The financial information contained in this Interim Statement has been prepared
using International Financial Reporting Standards. The accounting policies used
in preparation of the Interim Statement are the same accounting policies set out
in the year ended 31st March 2006 financial statements. This Interim Statement
does not constitute statutory accounts as defined by Section 240 of the
Companies Act 1985. The financial information for the year ended 31st March 2006
is based on the statutory accounts for the financial year ended 31st March 2006
that have been filed with the Registrar of Companies and on which the auditors
gave an unqualified audit opinion. The auditors report on those accounts did not
contain a statement under section 237(2) or (3) of the Companies Act 1985.

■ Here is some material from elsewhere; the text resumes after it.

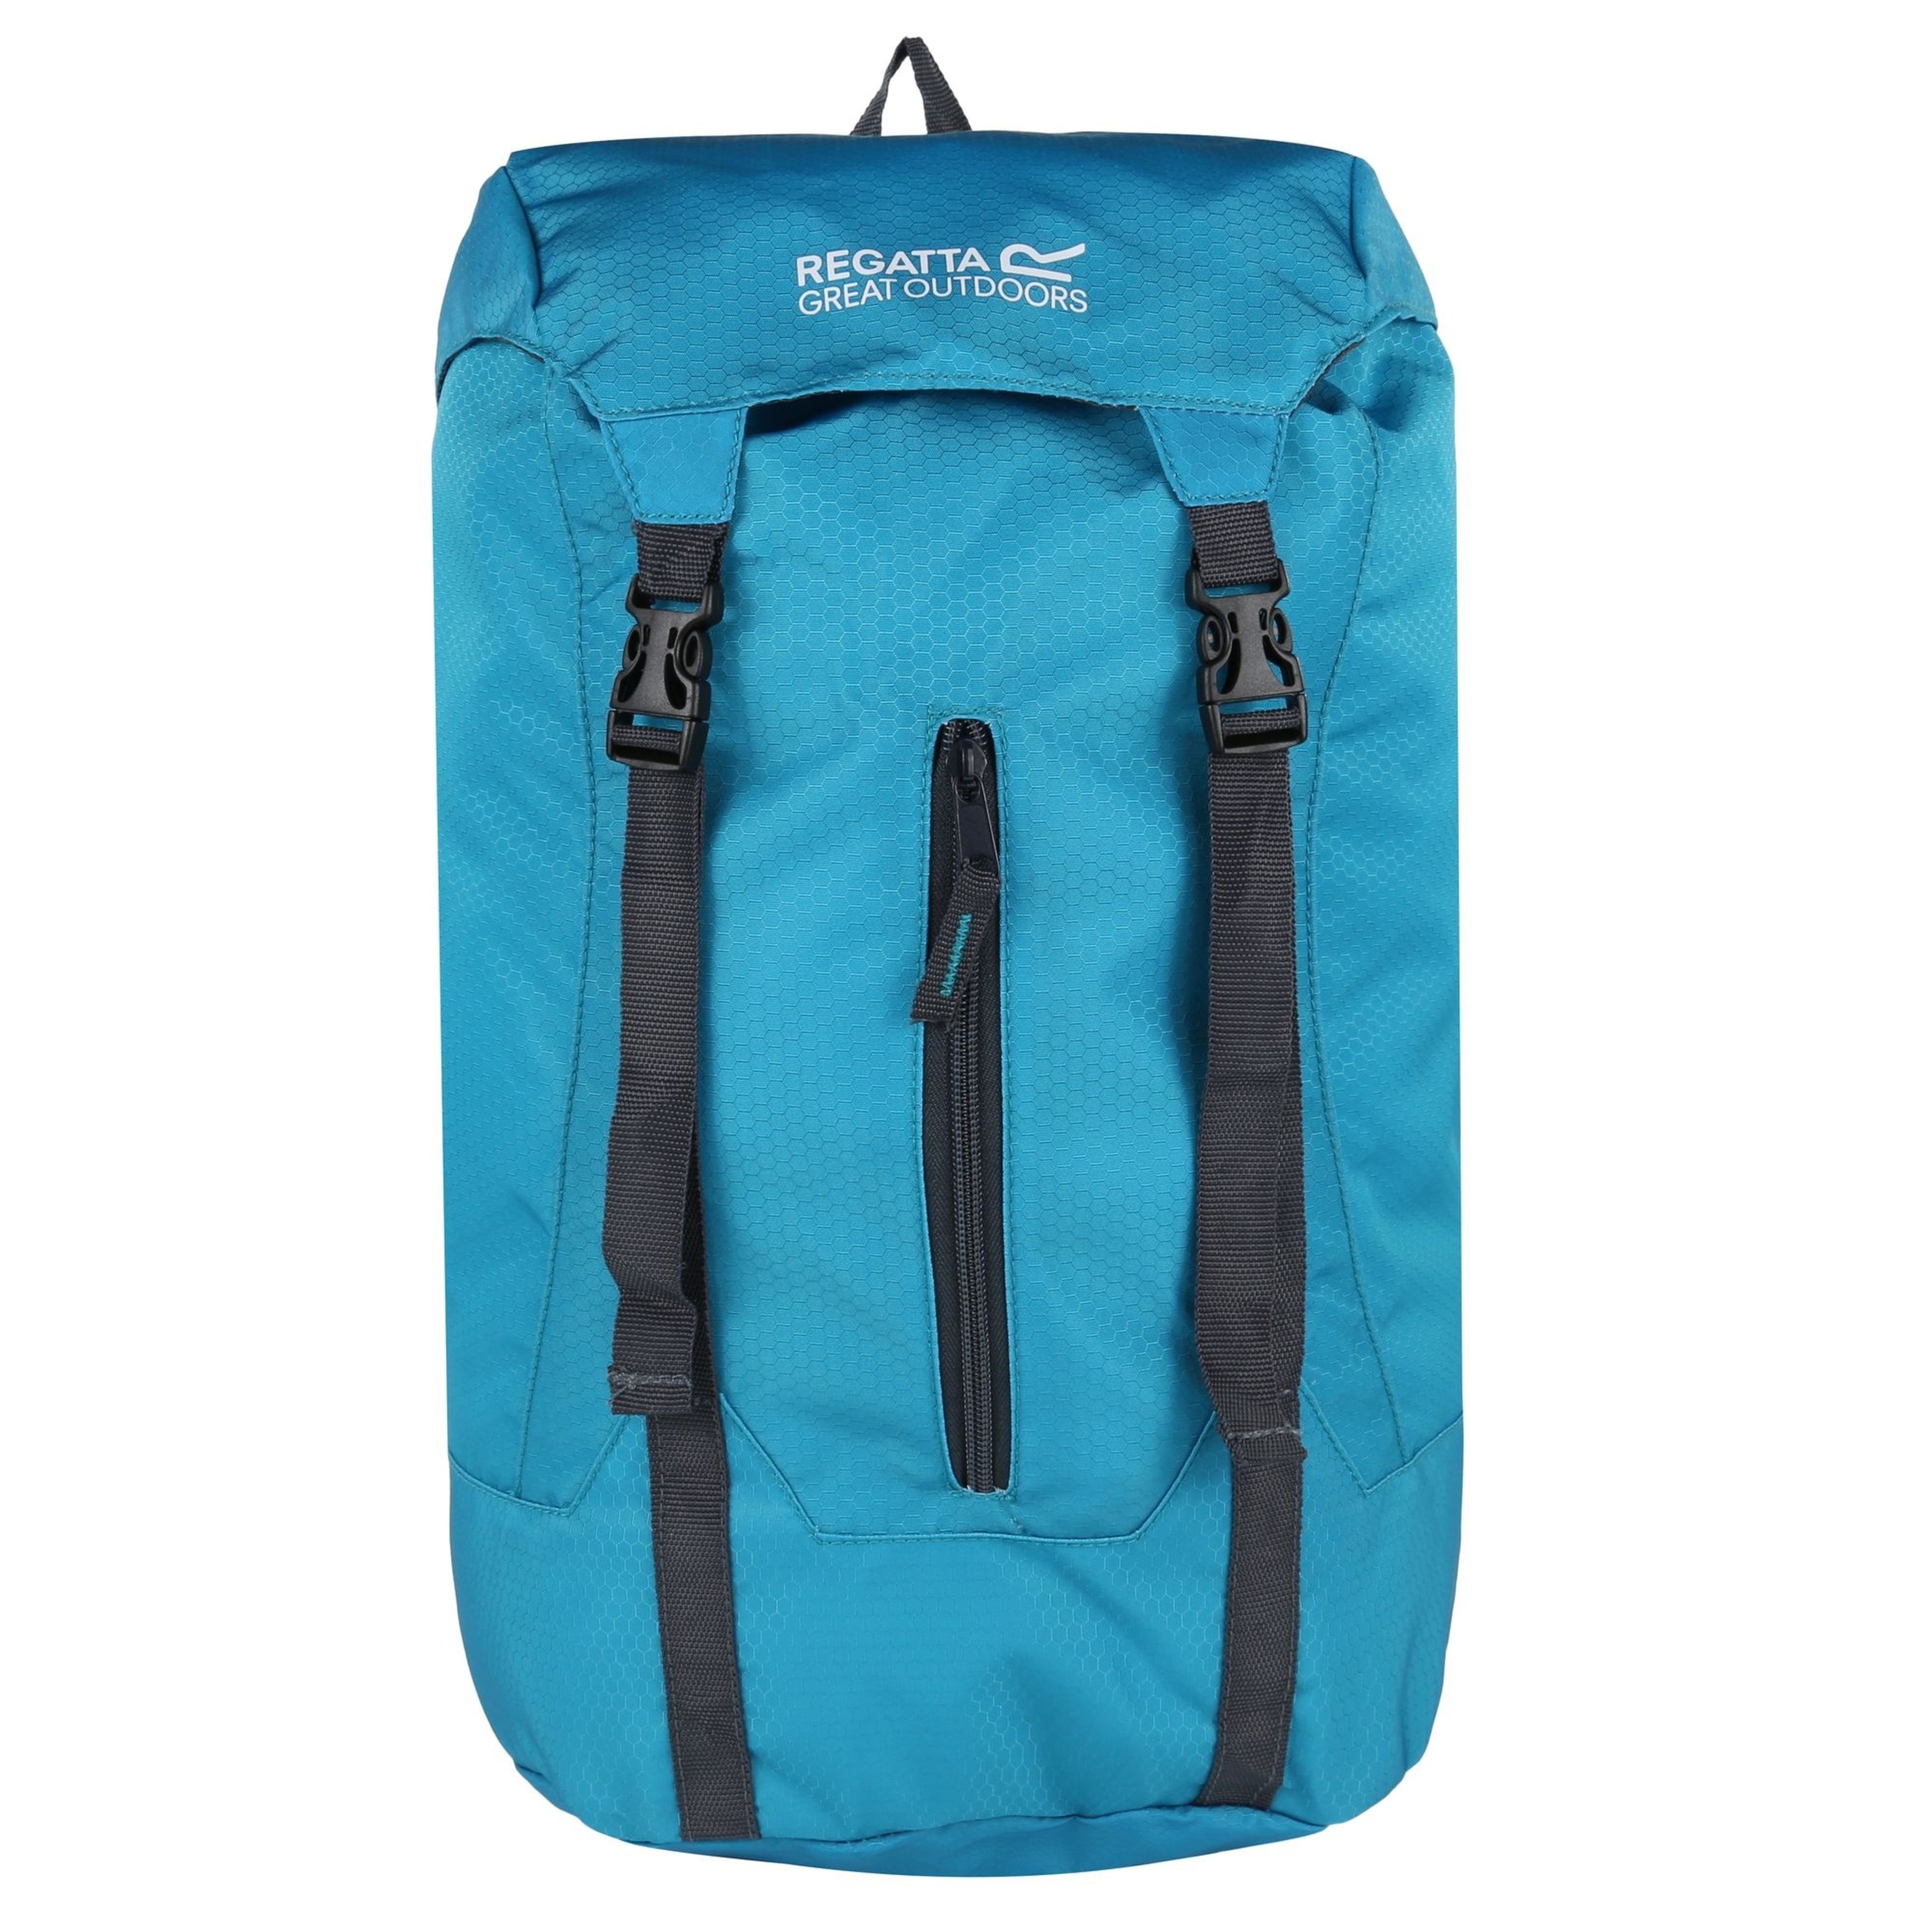 Regatta - Mochila Modelo Easypack De 25 Litros De Capacidad (Azul Agua)

All shareholders will be sent a copy of this Interim Statement which can also be
obtained from the company's registered office at Oval Park, Maldon, Essex CM9
6WG, England.
2. Dividend
The directors do not recommend the payment of an interim dividend.
3. Income tax
The directors consider that tax will be payable at varying rates according to
the country of incorporation of a subsidiary and have provided on that basis.
Deferred taxation is not reassessed at the interim stage.
6 Months End 6 Months End 12 Months End
30/09/06 30/09/05 31/03/06
£'000 £'000 £'000
UK income tax - 172 474
Overseas income tax 100 (422) (452)
Total current tax 100 (250) 22
Deferred tax - - (875)
Reported income tax 100 (250) (853)
4. Earnings per share
The calculation of basic earnings per share is based on the profit attributable
to shareholders for the period and on the following weighted average number of
shares in issue:
Ordinary 5p shares
Weighted Average Number Diluted
Number
6 months ended 30th September 2006 14,919,839 14,919,839
6 months ended 30th September 2005 14,891,212 15,004,914
12 months ended 31st March 2006 14,892,052 14,904,918
The calculation for diluted earnings per share takes into consideration 721,630
of shares under option at 30th September 2006.
5. Retirement benefit obligations
The directors have not obtained an actuarial report in respect of the defined
benefit pension scheme for the purpose of this Interim Statement.